____ DATA BELOW

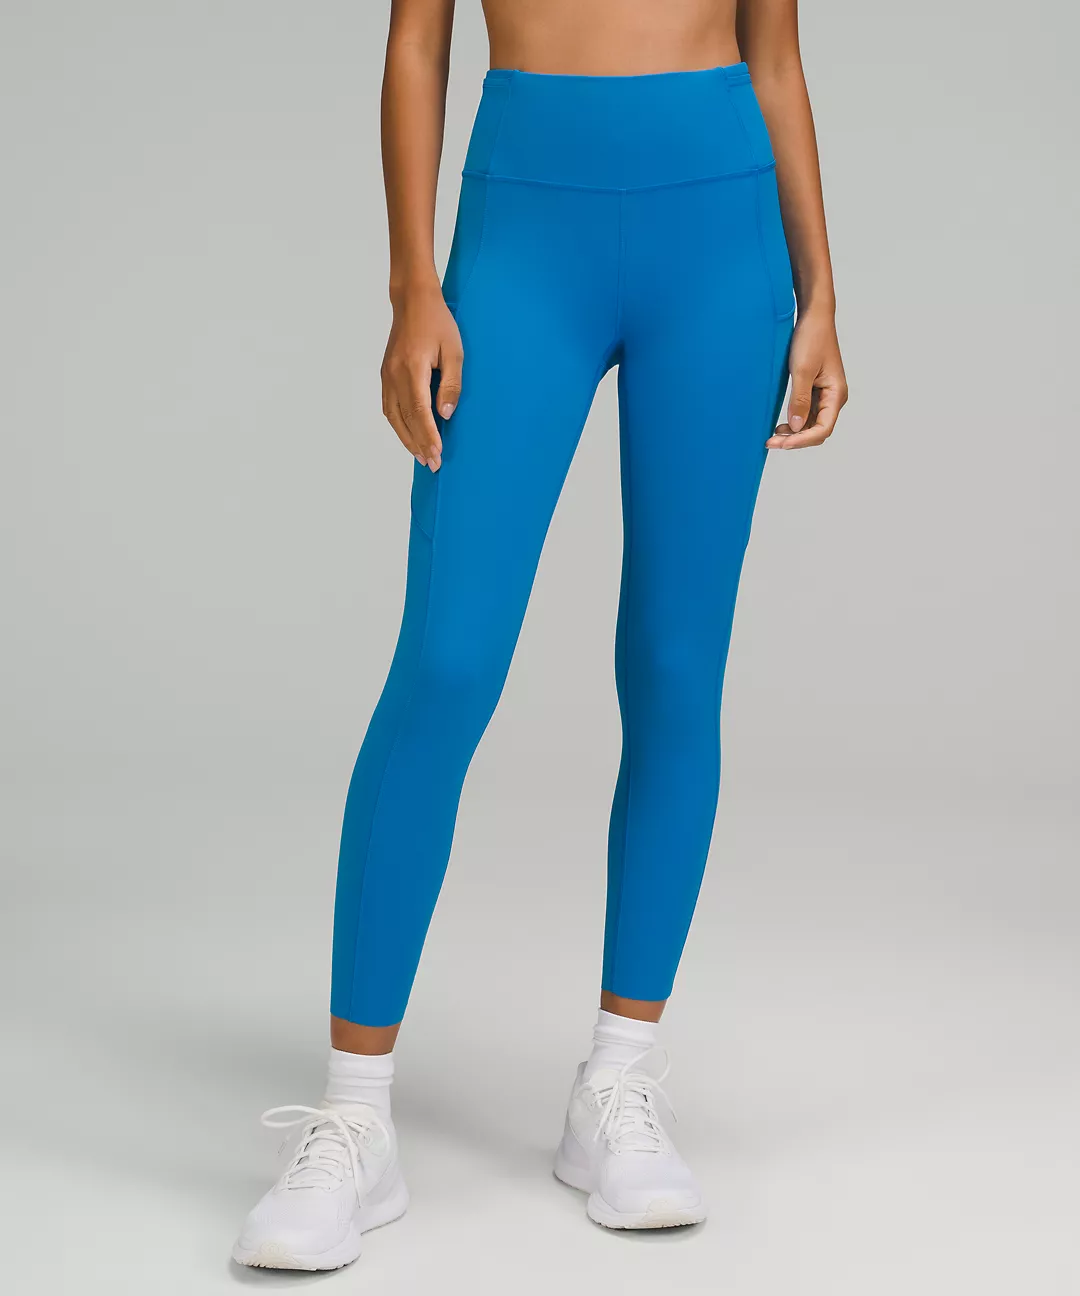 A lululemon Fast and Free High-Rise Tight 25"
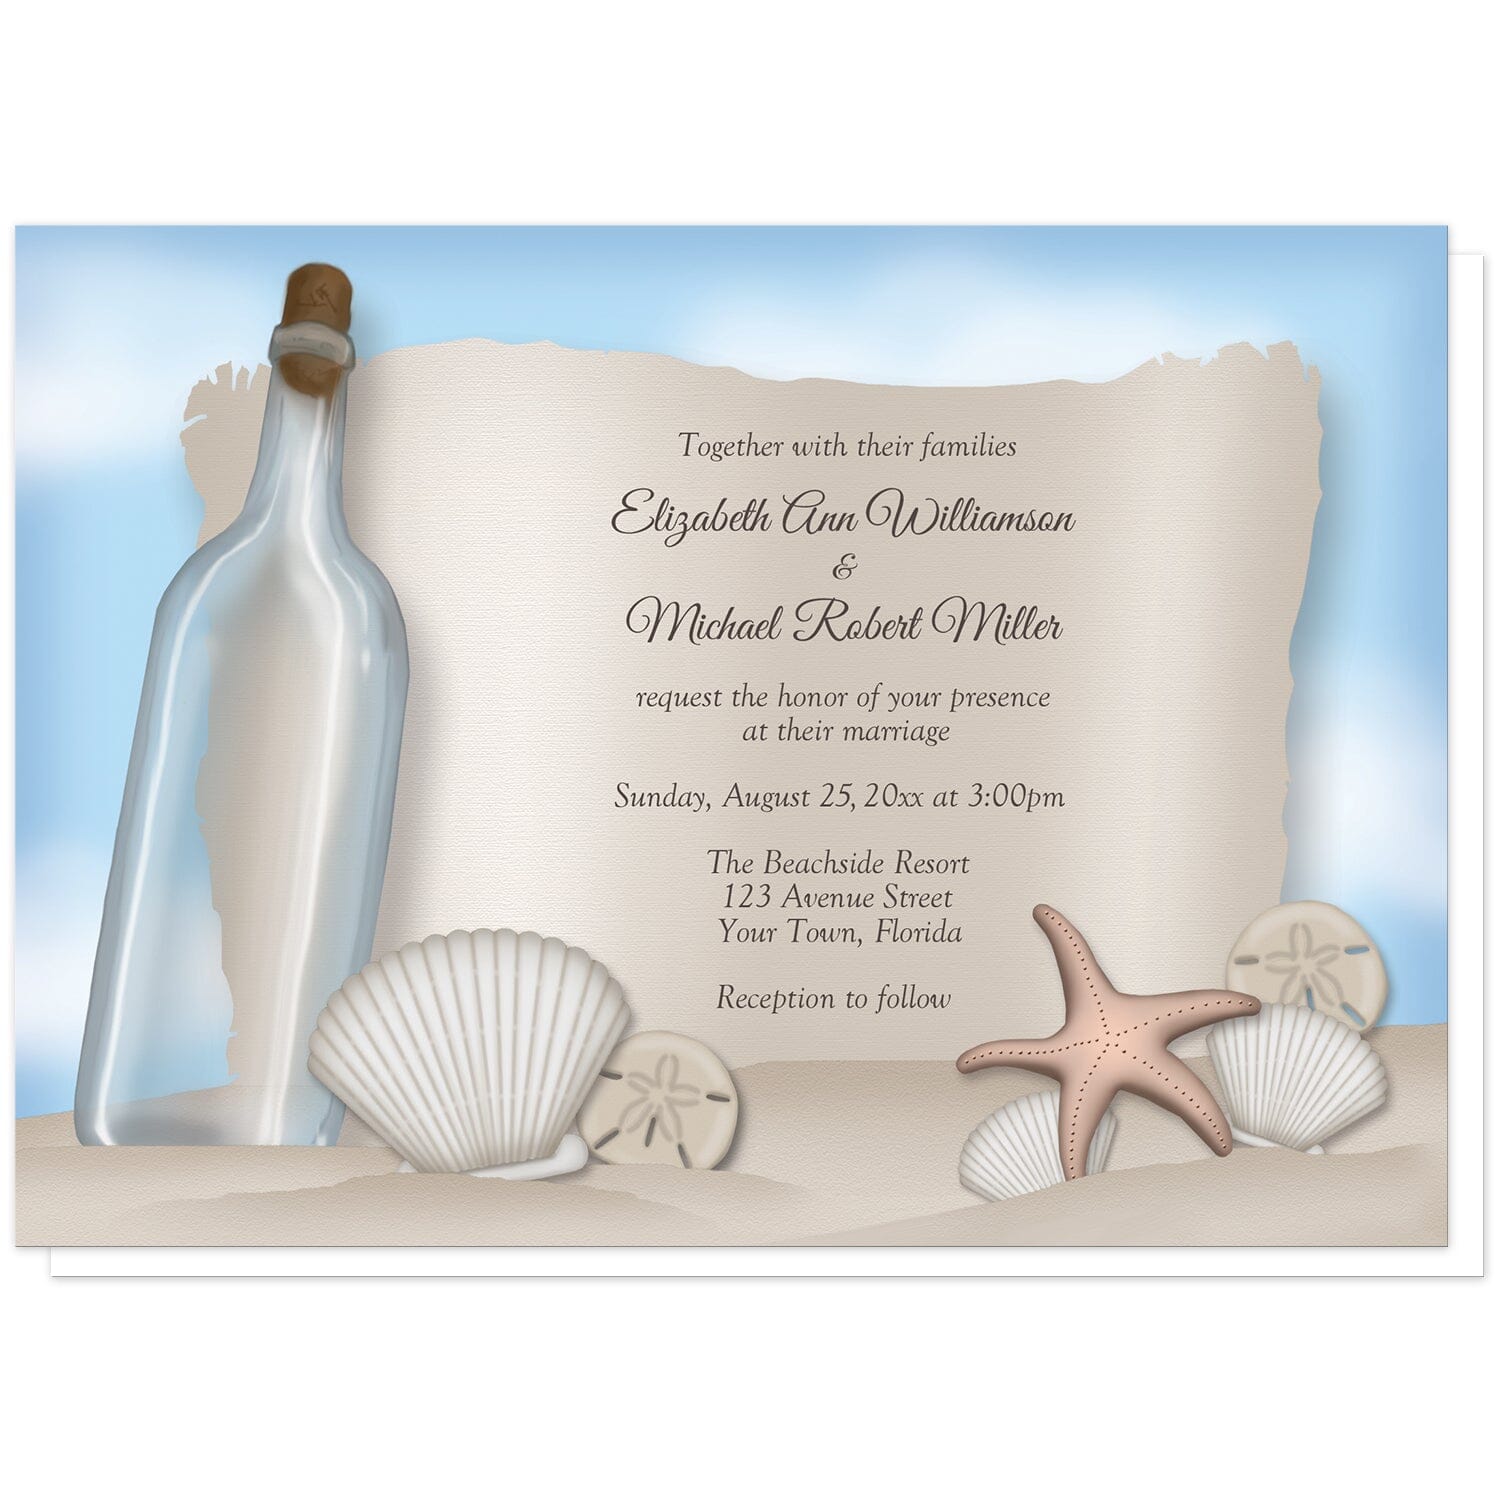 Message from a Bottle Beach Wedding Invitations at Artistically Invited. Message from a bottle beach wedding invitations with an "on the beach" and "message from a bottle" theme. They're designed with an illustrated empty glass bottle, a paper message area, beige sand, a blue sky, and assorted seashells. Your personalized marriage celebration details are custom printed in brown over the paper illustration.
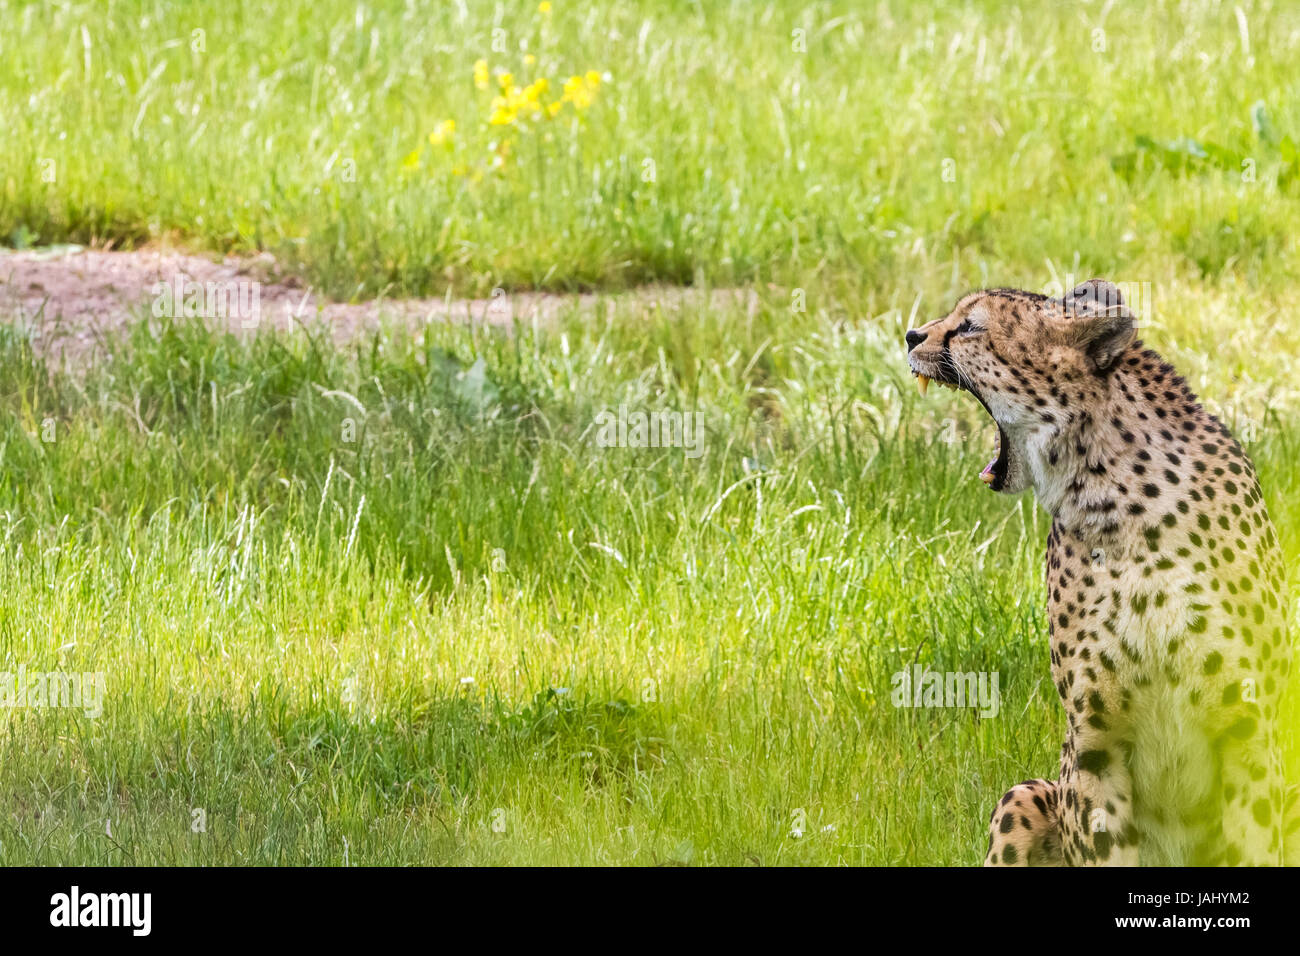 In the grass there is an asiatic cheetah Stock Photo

________

# WHAT THIS TASK INVOLVES
Apart from the images, every line above needs to be printed again exactly.

# ANSWER SECTION
 A lululemon Fast and Free High-Rise Tight 25"
 Message from a Bottle Beach Wedding Invitations at Artistically Invited. Message from a bottle beach wedding invitations with an "on the beach" and "message from a bottle" theme. They're designed with an illustrated empty glass bottle, a paper message area, beige sand, a blue sky, and assorted seashells. Your personalized marriage celebration details are custom printed in brown over the paper illustration.
 In the grass there is an asiatic cheetah Stock Photo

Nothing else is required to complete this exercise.